If you said, “The American taxpayer,” then you are absolutely correct.

Here are a few more variables that no one in their right mind would predict for the better:

First, we don’t know what price the government would pay for the mortgage-backed securities. There are conflicting goals. On the one hand, the government wants to minimize the bailout’s costs to taxpayers; that would favor paying the lowest possible price. In my example, the profit would be greater if the government paid only $40 million. On the other hand, the whole idea of the bailout is to help banks and other financial institutions get rid of risky assets and replace them with cash that would encourage a resumption of normal lending and investing. That favors a higher price. If the government paid $80 million instead of $40 million, say, it would lose money.

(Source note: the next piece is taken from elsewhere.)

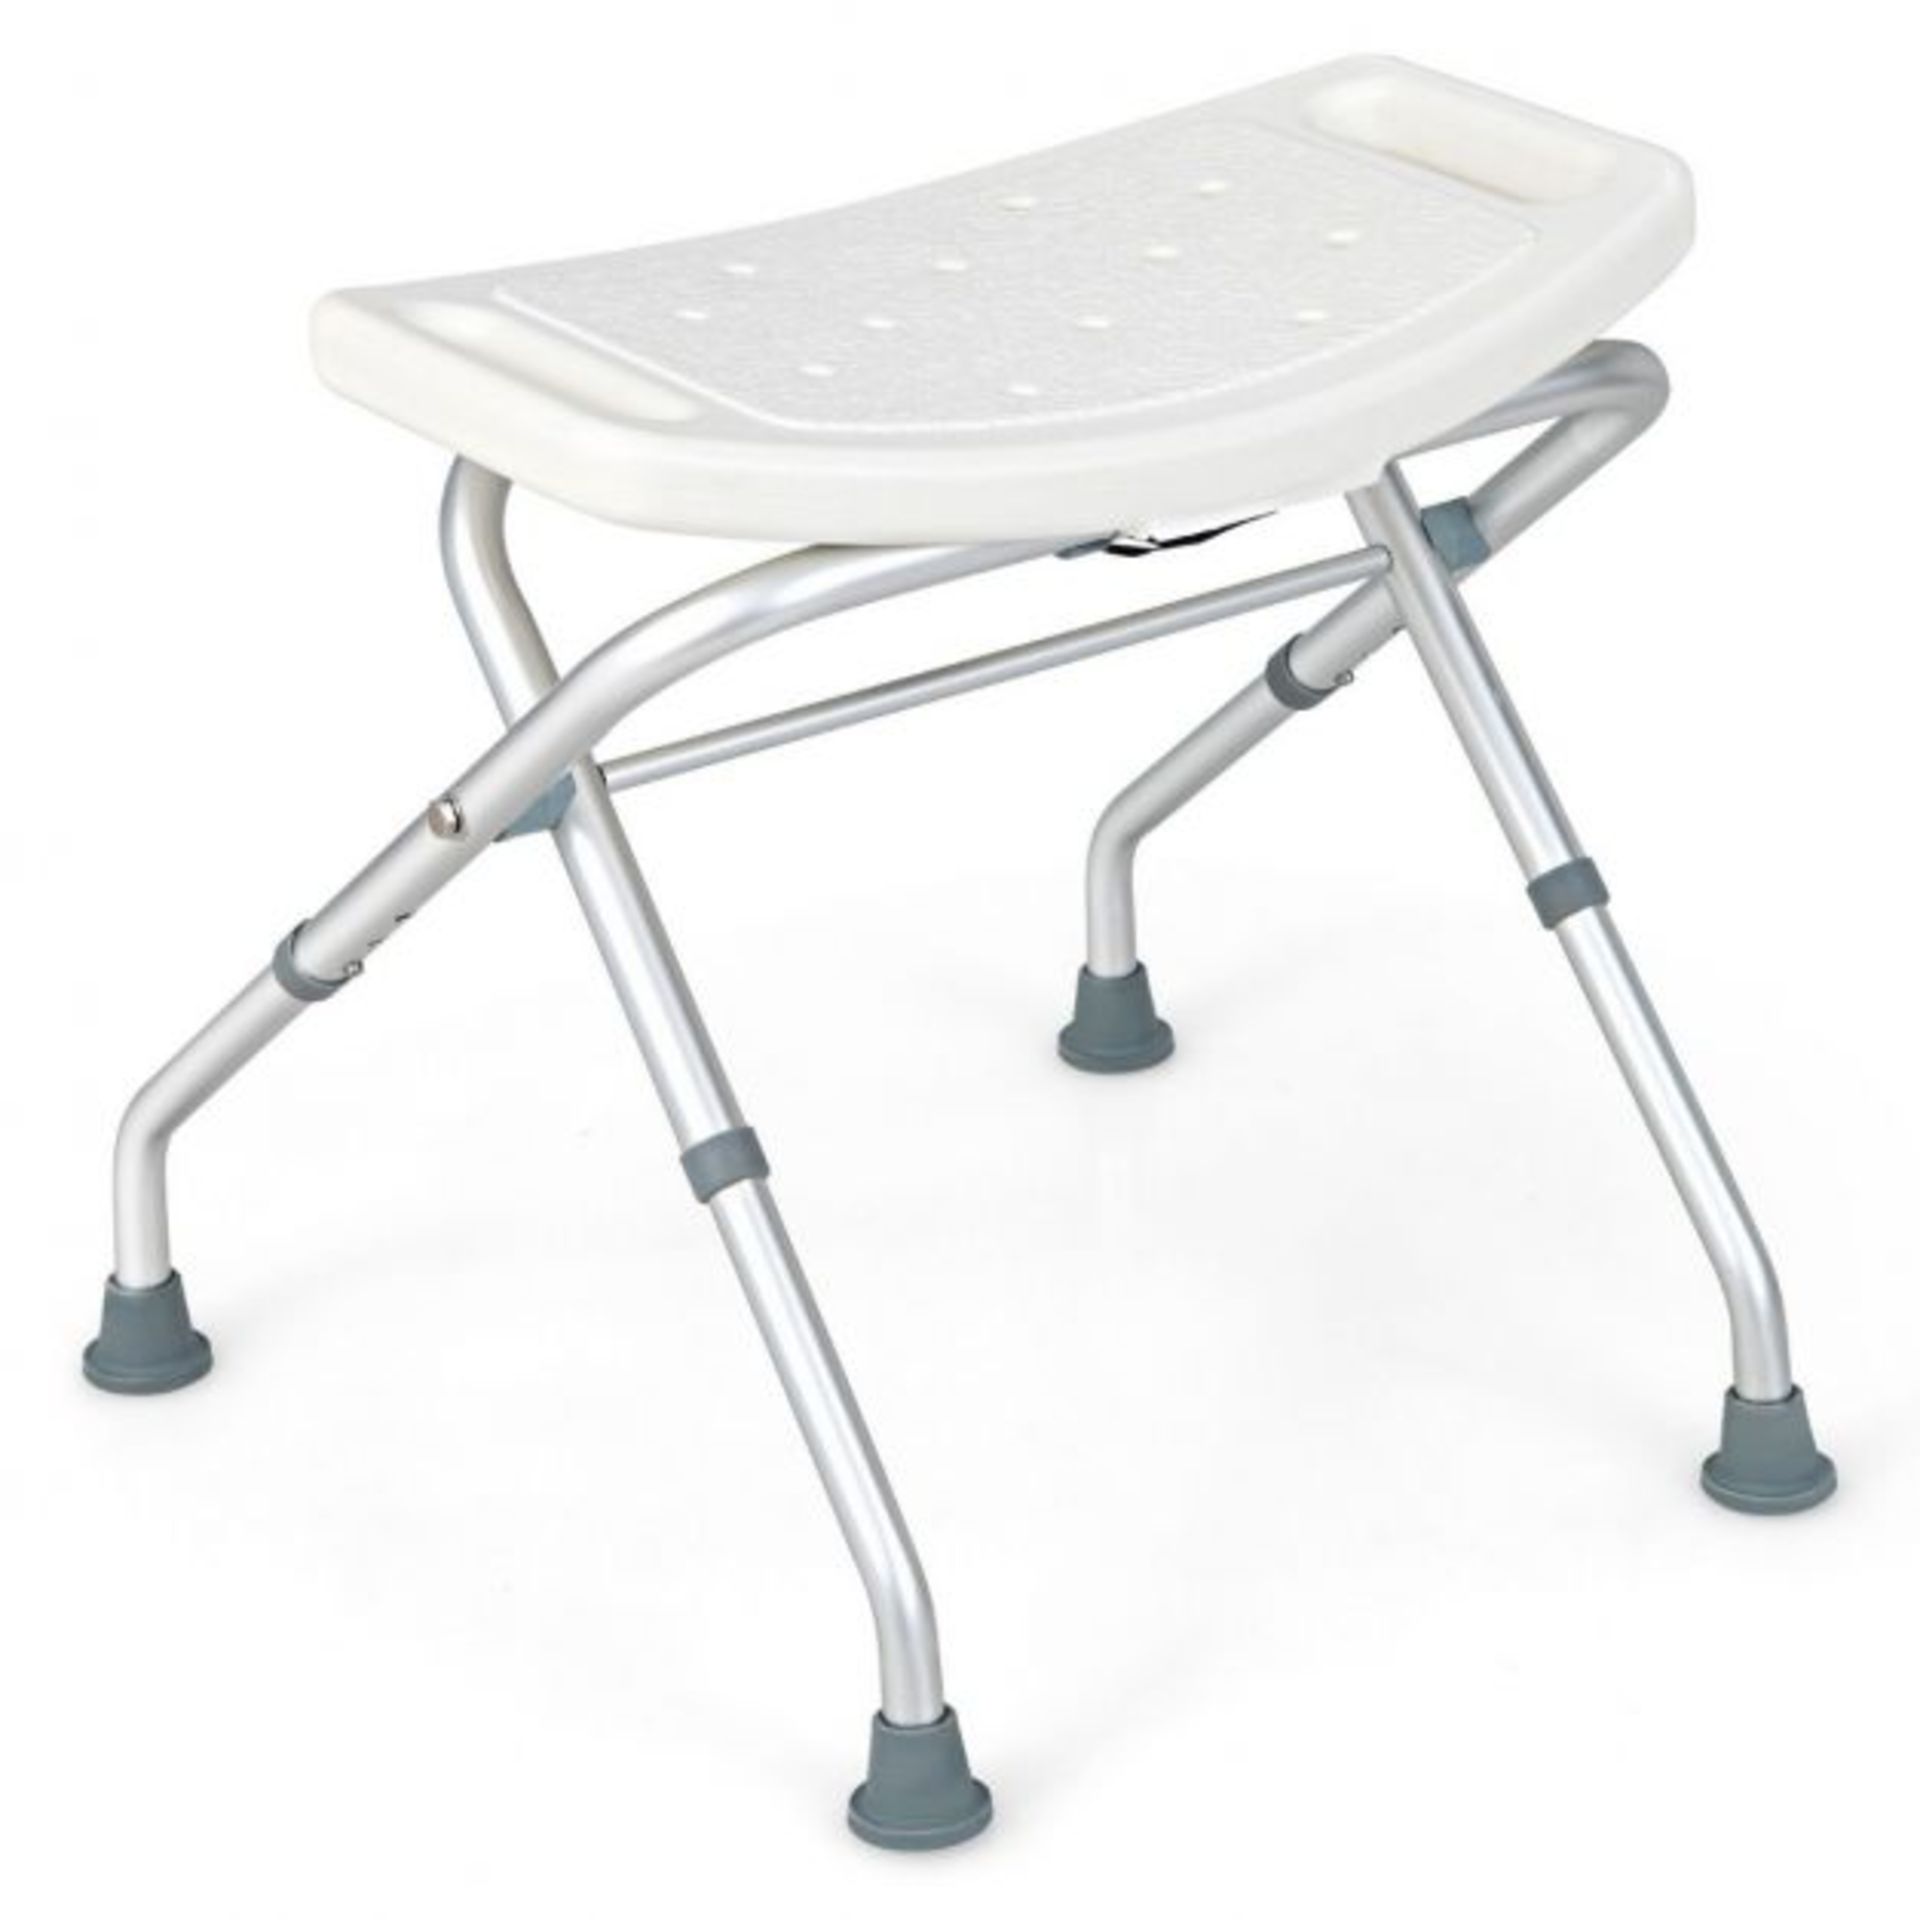 Folding Portable Shower Seat with Adjustable Height for Bathroom. - R14.6.

Second, we don’t know how a weakening economy will affect future mortgage repayments. The worse the economy gets, the more homeowners will default. At the end of June, about 2.75 percent of home mortgages were in foreclosure, and an additional 6.4 percent were at least 30 days behind in their payments. The unemployment rate was 6.1 percent in August. If it rose to 7 percent or higher, defaults and delinquencies would climb. In my example, if only 25 percent of borrowers repaid their mortgages, the government would lose money.

In short, it is a good bet that this latest attempt at government intervention is going to blow up in our faces somewhere down the road and once again, the American taxpayer is going to be forced into paying that bill too.

This bailout is a bad idea. It needs to be killed pronto.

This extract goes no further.